Triggering Readings With No Educational Purpose
I once took a class in which my professor assigned a reading with a violent and disturbing rape scene, and gave no trigger warning. When I told them I wished there had been a trigger warning, they apologized, and sent an email apologizing to the whole class as well.
I have no ill will towards this professor; they just made a mistake. They forgot the scene was in there, the chapter wasn’t actually important and we weren’t even going to talk about it in class.
Reading that scene sent me into an obsessive dread spiral for a couple days – for no good reason. It wasn’t a “learning and growing” moment for me; the distressing material didn’t help me understand a different perspective or anything like that.
Yes, there should’ve been a trigger warning, but there was also no reason for us to read it in the first place.
If you’re teaching potentially triggering material, you need to carefully consider why it’s important to teach that thing and how you’re going to teach it. Additionally, you should provide trigger warnings so students can mentally prepare themselves to be able to engage with that content.
Albion College Professors’ Policies
Professor of English Danit Brown says she provides a blanket trigger warning at the start of the semester so students can “know what they’re going into.” This warning is for the whole semester, telling students they might be assigned readings that make them uncomfortable, but doesn’t specify what themes will come up or in which readings.
She does give specific trigger warnings before readings with sexual assault scenes, and offers to give students one-on-one trigger warnings for things they request.
However, Brown said there’s a reason she prefers to keep it vague.
“I’m really torn about trigger warnings in creative writing,” Brown said. “A trigger warning affects the way that you read the story or poem, and affects whether you’re surprised by things the author wanted to be surprising.”
I understand this sentiment when it comes to English classes, and that the reading experience is different when you know something specific is coming. But, the safety and comfort of students should come first.

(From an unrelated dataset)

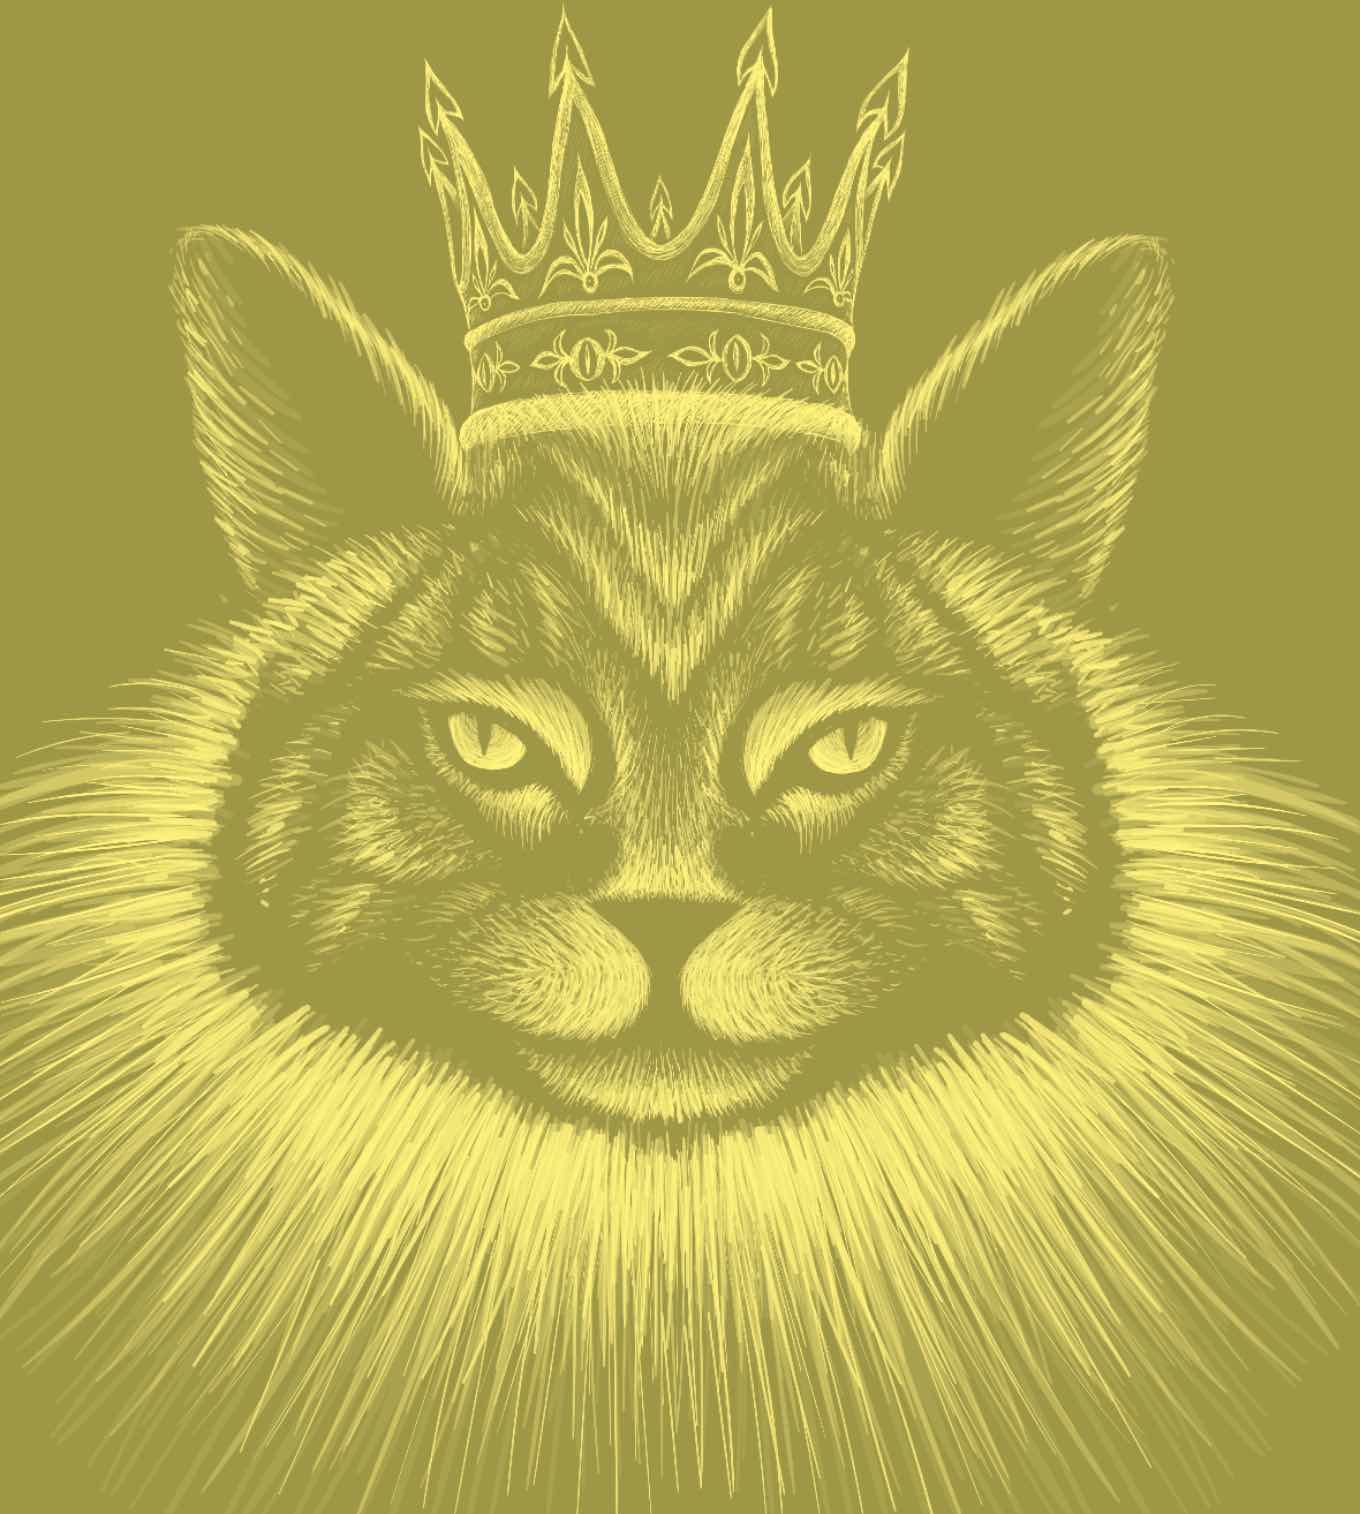 In Gelb-Schwarz gehaltene Illustration einer Katze mit Bart und Krone

You can still get a lot out of a reading even if it’s somewhat spoiled for you; I don’t think a trigger warning by any means makes the material not worth reading anymore. I once took a class with associate professor of English Helena Mesa where she assigned a trigger warning for gun violence before an assigned reading. Despite knowing vaguely what was coming, the essay was still surprising and impactful.
Professor and History Department Chair Marcy Sacks said trigger warnings are most relevant to her African American history classes. Sacks said her class that covers the Civil War to present times has “so much brutality,” such as lynching.

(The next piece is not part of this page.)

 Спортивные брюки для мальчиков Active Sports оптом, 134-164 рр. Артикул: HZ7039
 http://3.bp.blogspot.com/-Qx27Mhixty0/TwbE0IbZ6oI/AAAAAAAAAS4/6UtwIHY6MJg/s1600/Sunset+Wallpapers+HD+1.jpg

“Because these are acts of atrocity against Black bodies, I think people who identify as Black need special warning, that, you know, this is traumatizing, this is what this nation has done, and it’s very personal,” Sacks said.
Sacks said she used to always show images of lynchings to her classes, and provide a warning beforehand, but now she makes it a conversation about whether they even look at them at all.

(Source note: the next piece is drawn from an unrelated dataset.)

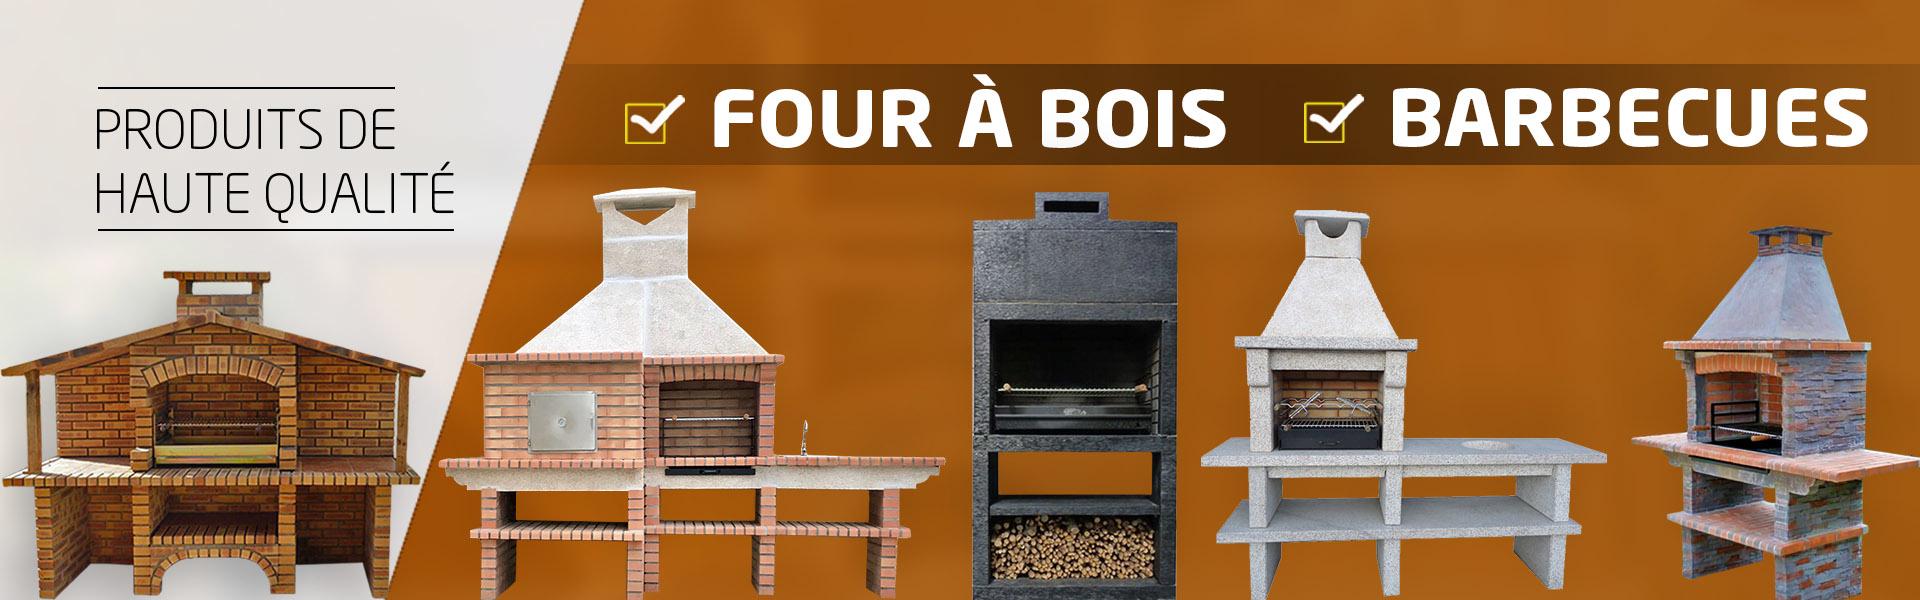 Barbecues En Pierre Et Brique, Four A Bois A Pain Et Pizza ... destiné Barbecue De Jardin En Brique
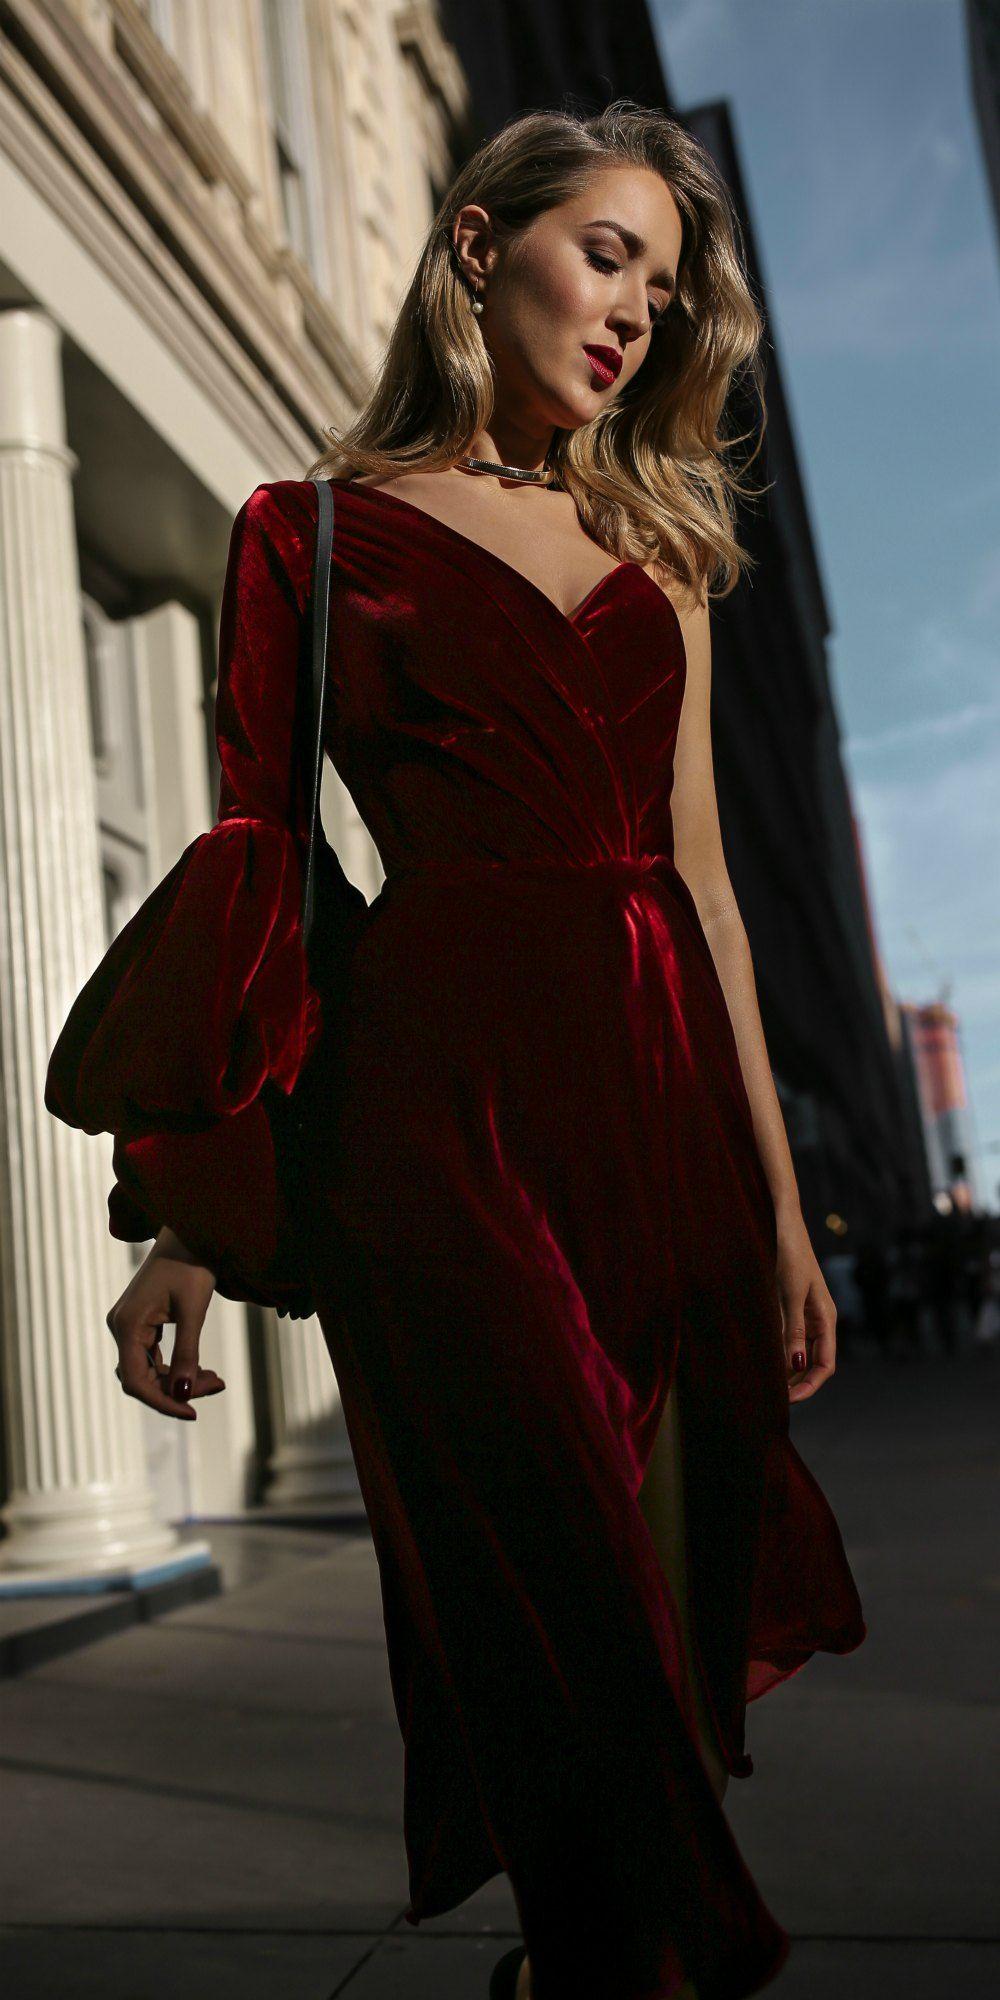 Red velvet asymmetrical dress gold choker red lips black bow

“I have found that that’s a valuable exercise, both to provide something akin to a trigger warning but to actually intellectualize the question of why might we expose ourselves to things that are horrifying,” Sacks said.
Assistant professor of psychological science Shanti Madhavan-Brown teaches a class called “Psychology of Mental Illness,” and said there are many potential things in the class that could be triggering for students. Because of that, she has a broad discussion of the material with her students at the beginning of the semester, instead of individual ones.
“I see providing good trigger warnings as actually building really good classroom environment and support,” Madhavan-Brown said.
I couldn’t agree more with that sentiment.